2. Use Access Token, Task ID of a specific extraction task and other necessary parameters to access our API to get data of the task.

 

 

 

2. Get an Access Token

 

 

 

2.1.Obtain an Access Token for the first time 

 

 

 

 

 

You can obtain an access token by making an HTTP POST request with your username and password. 

 

HTTP Method: POST

http://dataapi.octoparse.com/token

POST Content Type: application/x-www-form-urlencoded

POST Example:

username={username}&password={password}&grant_type=password

The values of username and password should be URL-Encoded.

 

The successful HTTP response for the token request contains the access token that you can use to access the Octoparse API. The response is JSON-encoded and below is an example response. 

 

{

"access_token": "ABCD1234",

"token_type": "bearer",

"expires_in": 86399,

"refresh_token": "refresh_token"

}

 

The response includes the output properties as follows.

 

Property

Description

access_token

The access token that you can use to authenticate you access to the Octoparse API.

token_type

The format of the access toke. Currently, Octoparse uses a BEARER token.

expires_in

The number of seconds for which the access token is valid.Current default value is 86400(24 hours).

refresh_token

 

A token that can be sent to Octoparse API instead of an authorization code.

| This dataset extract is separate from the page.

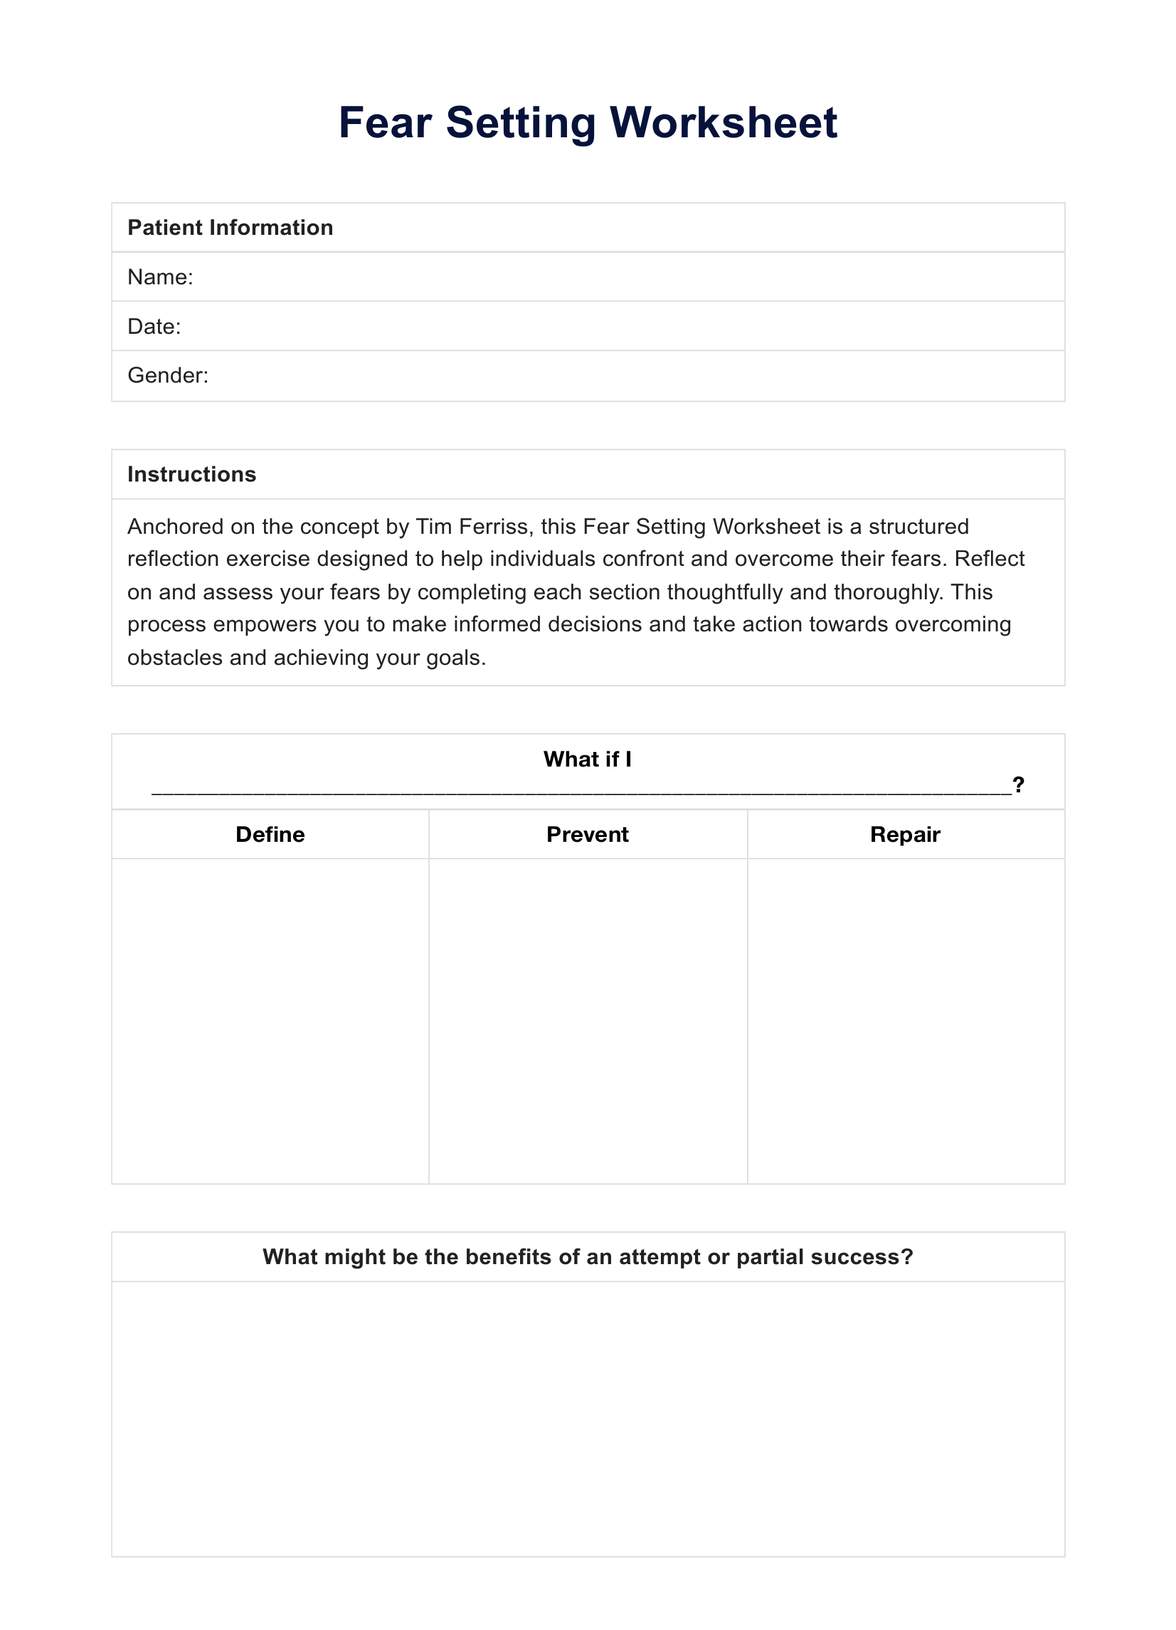 Fear Setting Worksheet PDF Example

(When the access token expires, send a POST request to the Octoparse API using this token instead of an authorization code. A new access token will be returned. A new refresh token might be returned too.

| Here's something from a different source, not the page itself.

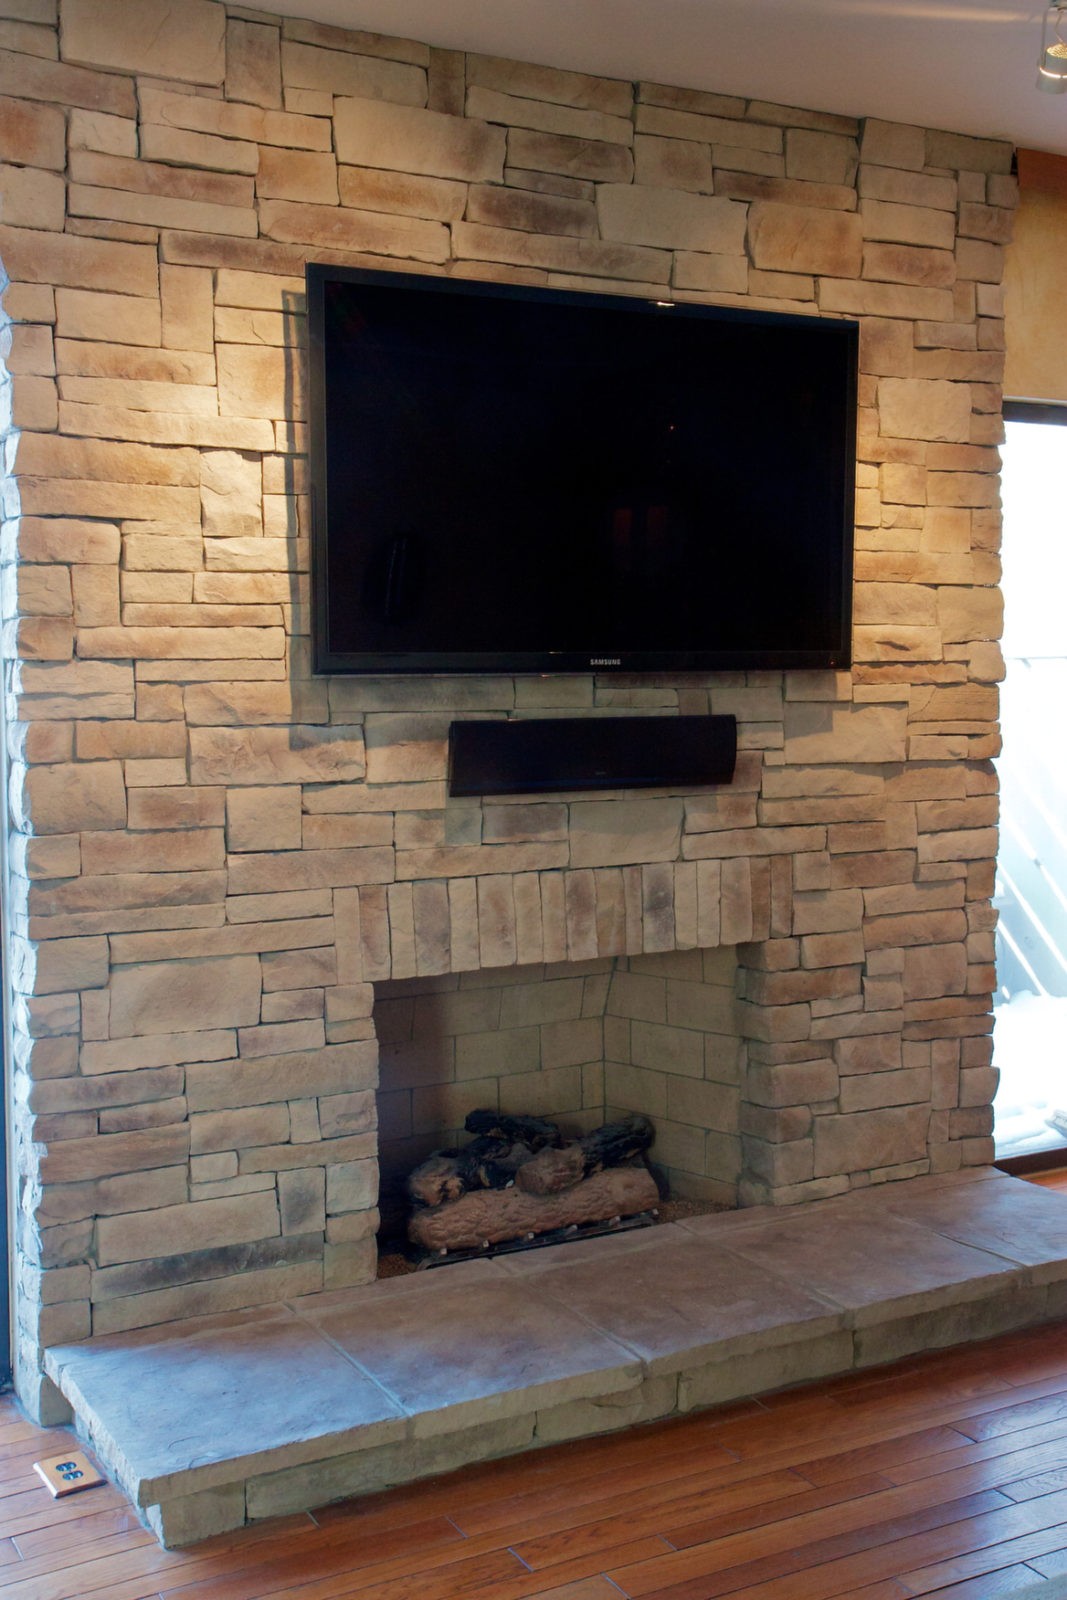 Tan mountain ledgestone dry stack veneer fireplace with a TV

For more information, see section 2.2.)

 

An access token is a unique identifier of making an Octoparse API call, and is needed to add to the HTTP request Header to get the data from tasks via API.

 

Name: Authorization

Value: bearer {access token}

 

The response would return some JSON-formatted strings if the request for access token failed. Below are some explanations for all error cases.

 

Case 1. The content of the POST is not formatted correctly.

 

{

"error": "unsupported_grant_type"

}

 

Make sure that the format is like:

 

username={username}&password={password}&grant_type=password

 

Case 2. The user name or password in the POST is incorrect.

 

 

{

 

"error": "invalid_grant",

"error_description": "The user name or password is incorrect."

}

 

 

 

 

2.2. Use long-lived refresh_token to get a new

 

 

 

If the previous access token expired, follow the request parameters below with a refresh_token. For this refresh_token, this is the value returned last time from the Access Token JSON-formatted strings. Change “grant_type” to be “refresh_token”, and then a new access token could be obtained with the same expiration time.

 

HTTP Method: POST

http://dataapi.octoparse.com/token

POST Content Type:application/x-www-form-urlencoded

POST Example:

refresh_token=46b94a3ead204d1b84e101364a71c6d1&grant_type=refresh_token

 

The response would return some JSON-formatted strings if the refresh_token hasn’t expired and is available. A response from such a request is shown below.

 

{

    "access_token": "ABCD12345",

    "token_type": "bearer",

    "expires_in": 86399,

    "refresh_token": "46b94a3ead204d1b84e101364a71c6d2"

}

 

Once Octoparse verifies the refresh token request, the response includes the output properties as follows.

 

Property

Description

access_token

The access token that you can use to authenticate you access to the Octoparse API.

token_type

The format of the access toke. Currently, Octoparse uses a BEARER token.

expires_in

The number of seconds for which the access token is valid.Current default value is 86400(24 hours).

refresh_token

A new access token is returned when the previous access token expired and a post request is sent.

 

 

 

This is the new Access Token obtained through refresh_token, equivalent of username and password.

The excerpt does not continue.